It should be understood that various aspects disclosed herein may be combined in different combinations than the combinations specifically presented in the description and accompanying drawings. For example, features, functionality, and components from one embodiment may be combined with another embodiment and vice versa unless the context clearly indicates otherwise. Similarly, features, functionality, and components may be omitted unless the context clearly indicates otherwise. It should also be understood that, depending on the example, certain acts or events of any of the processes or methods described herein may be performed in a different sequence, may be added, merged, or left out altogether (e.g., all described acts or events may not be necessary to carry out the techniques).
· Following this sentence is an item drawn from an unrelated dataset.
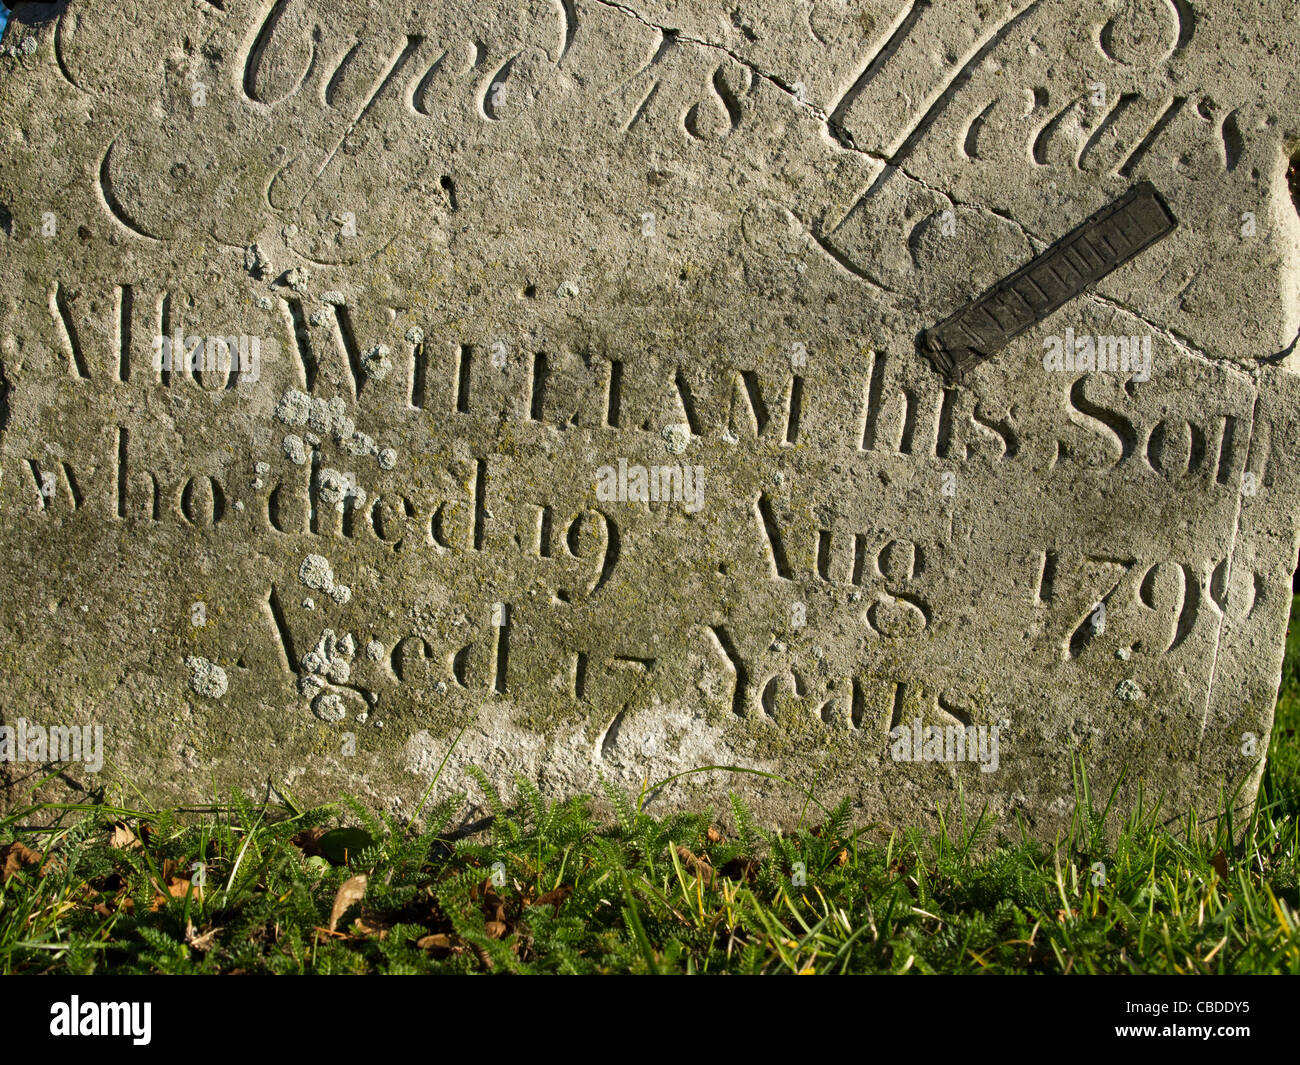 Une pierre tombale portant les mots "aussi William, son fils, qui est mort 19 août 1790 age 17 ans'. Banque D'Images

Unless otherwise specifically defined herein, all terms are to be given their broadest possible interpretation including meanings implied from the specification as well as meanings understood by those skilled in the art and/or as defined in dictionaries, treatises, etc. It must also be noted that, as used in the specification and the appended claims, the singular forms “a,” “an” and “the” include plural referents unless otherwise specified, and that the terms “comprises” and/or “comprising,” when used in this specification, specify the presence of stated features, elements, and/or components, but do not preclude the presence or addition of one or more other features, steps, operations, elements, components, and/or groups thereof.
This application claims priority to U.S. Provisional Application 63/329,982, titled SMART IMPLANT DESIGNS FOR HOUSING A POWER SOURCE, ANTENNA, GAUGES, AND MICROELECTRONICS, and filed Apr. 12, 2022, the entire contents therein are incorporated herein by reference in entirety. This application incorporates by reference U.S. Non-Provisional application Ser. No. 18/062,867, titled SPINAL ROD CONNECTING COMPONENTS WITH ACTIVE SENSING CAPABILITIES, and filed Dec. 7, 2022.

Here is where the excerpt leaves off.